• **SUPPLIED DATA**

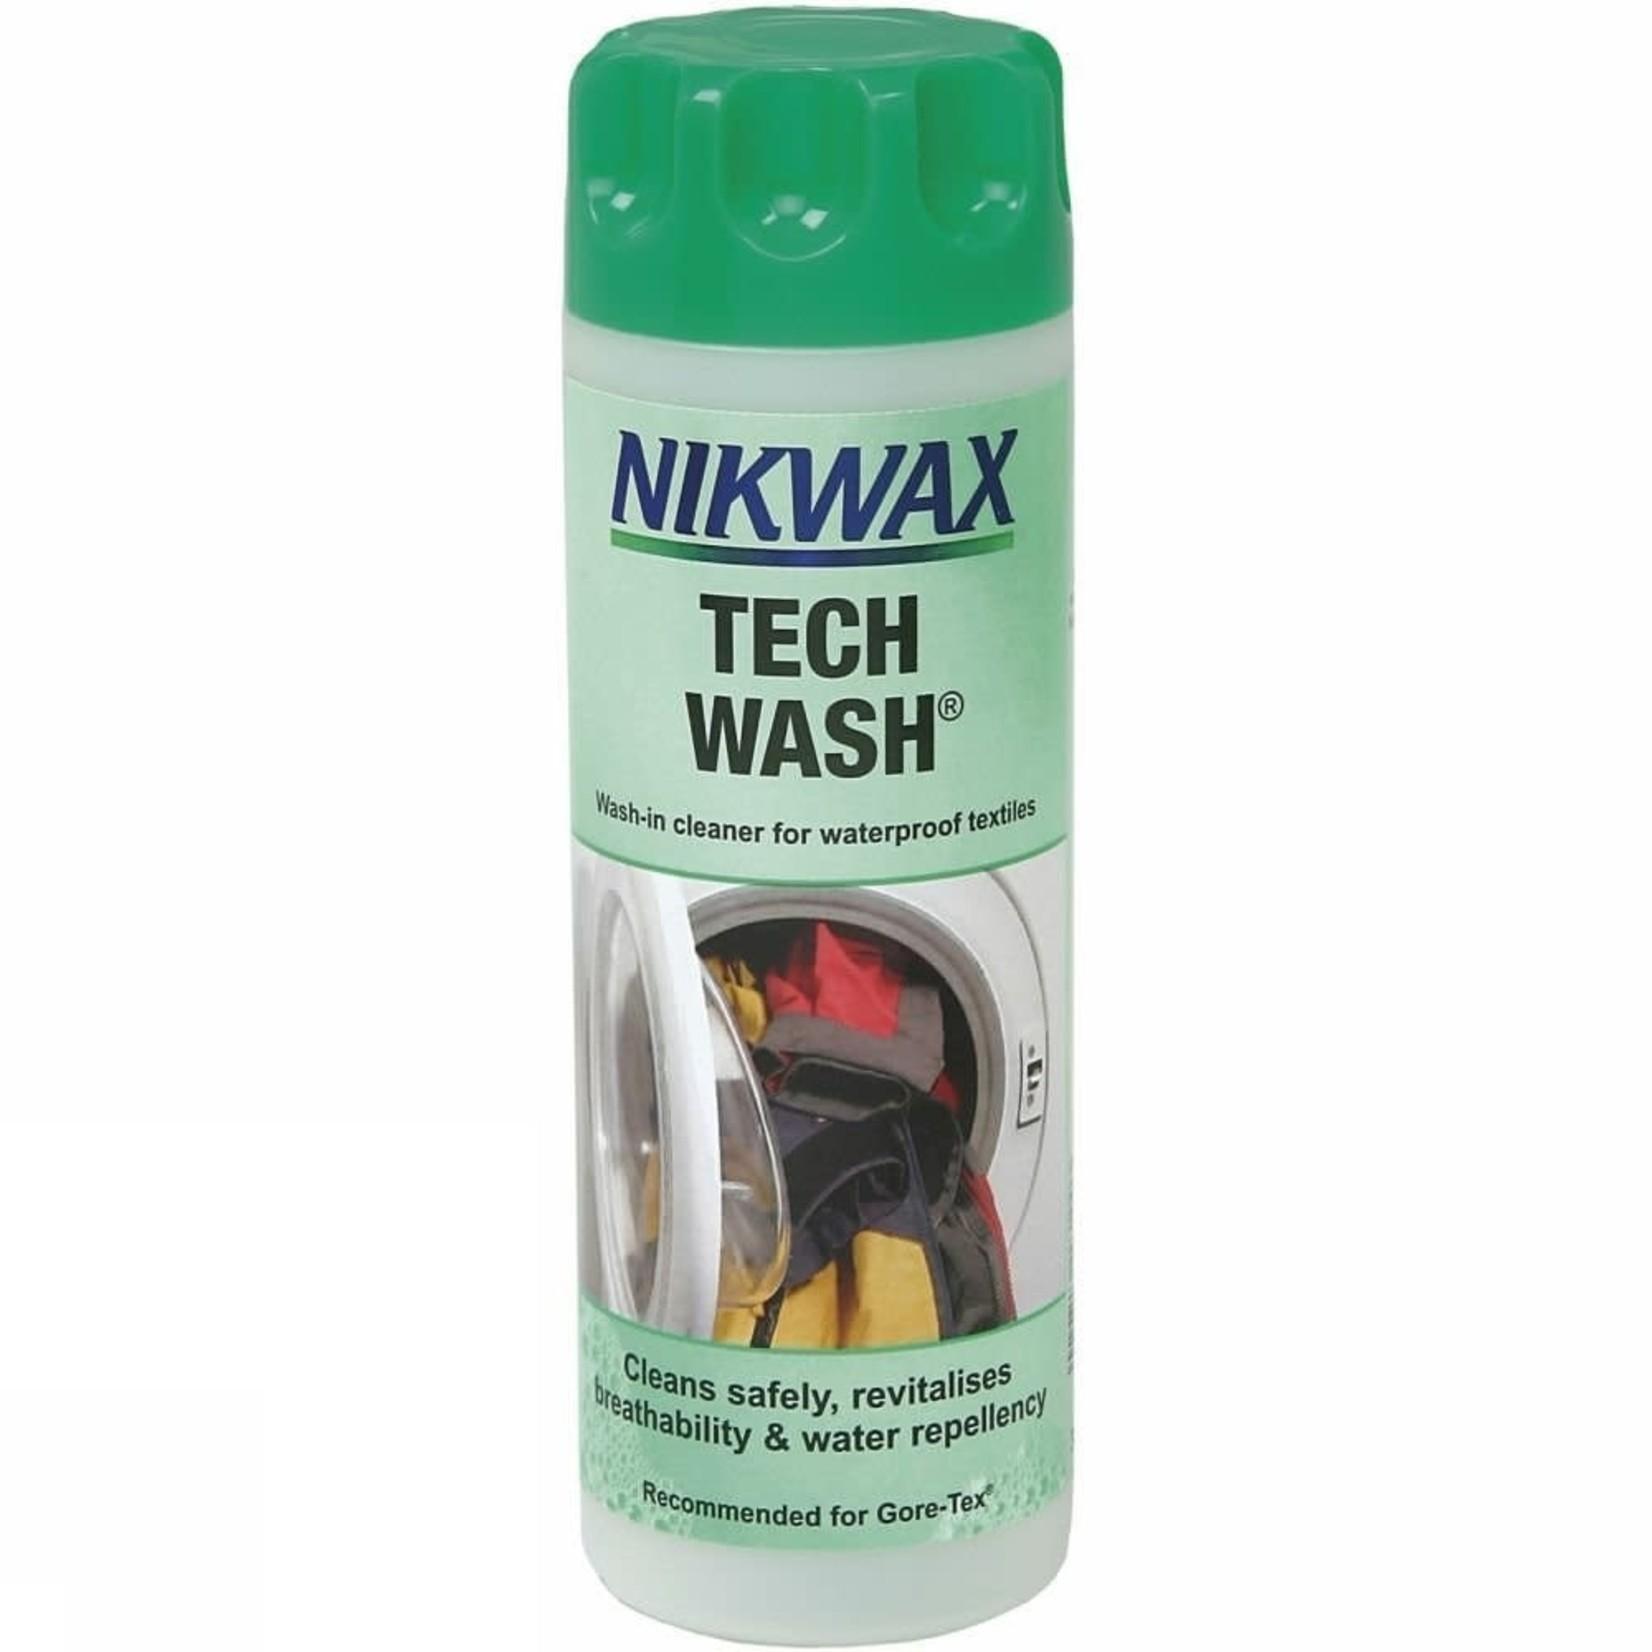 Nikwax NikWax techwash
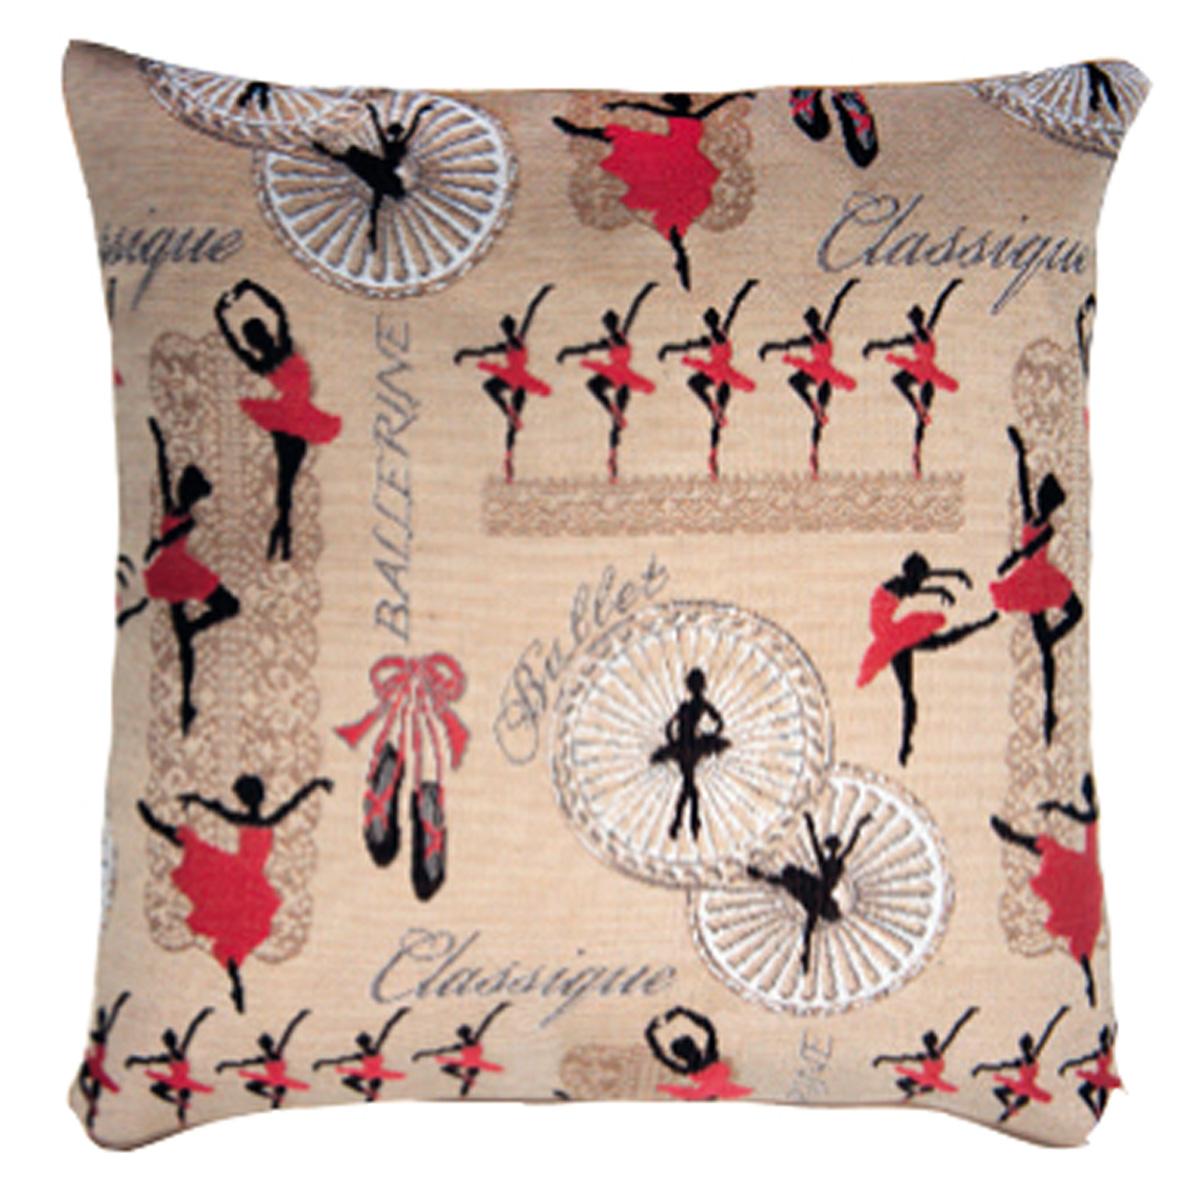 Coussin artisanal \'Royal Tapisserie\' beige rouge (Ballerines)  - 45x45 cm - [Q6353]
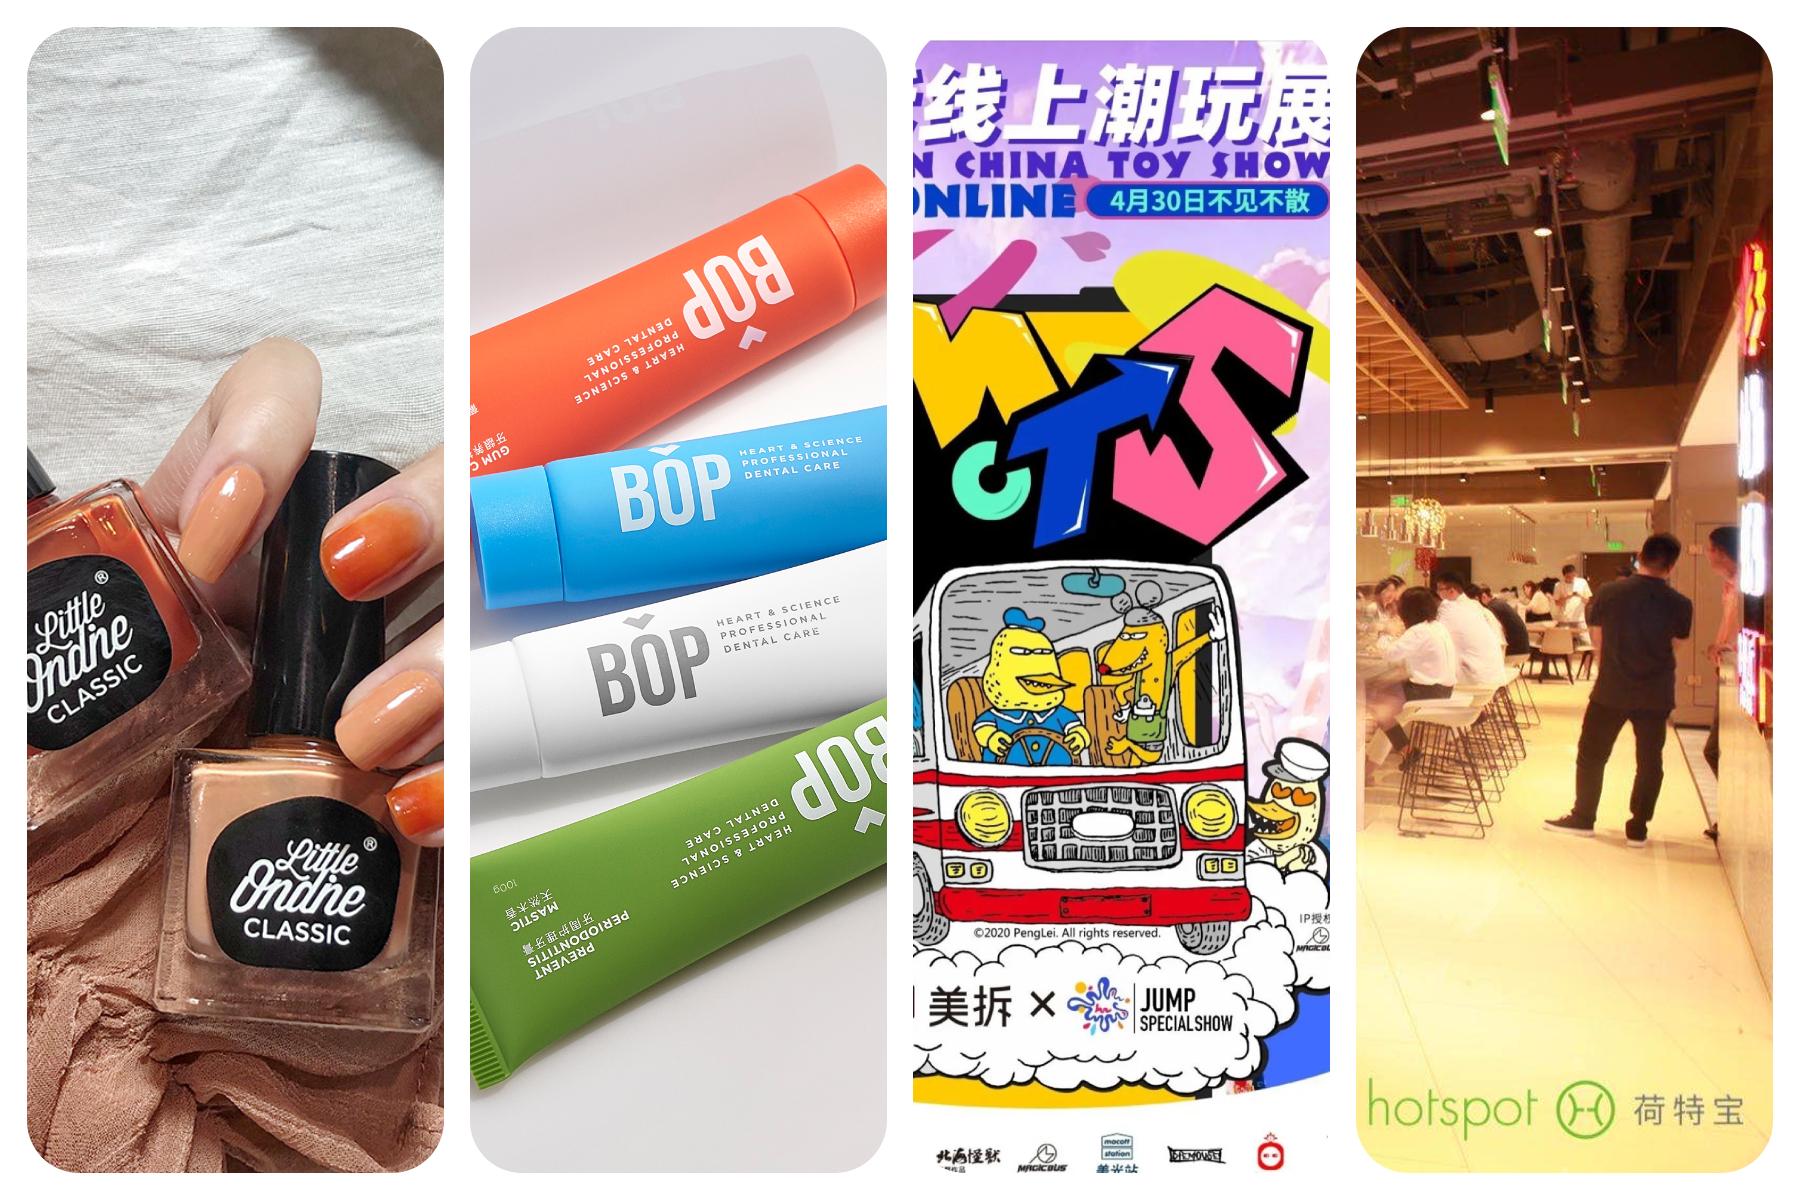 【华丽中国投资周报】2020/05/02~2020/05/08

• **WORK REQUIRED**
Exactly as written, restate all of the data, leaving out the images.

• **SOLUTION TO THIS PROBLEM**
 Nikwax NikWax techwash
 Coussin artisanal \'Royal Tapisserie\' beige rouge (Ballerines)  - 45x45 cm - [Q6353]
 【华丽中国投资周报】2020/05/02~2020/05/08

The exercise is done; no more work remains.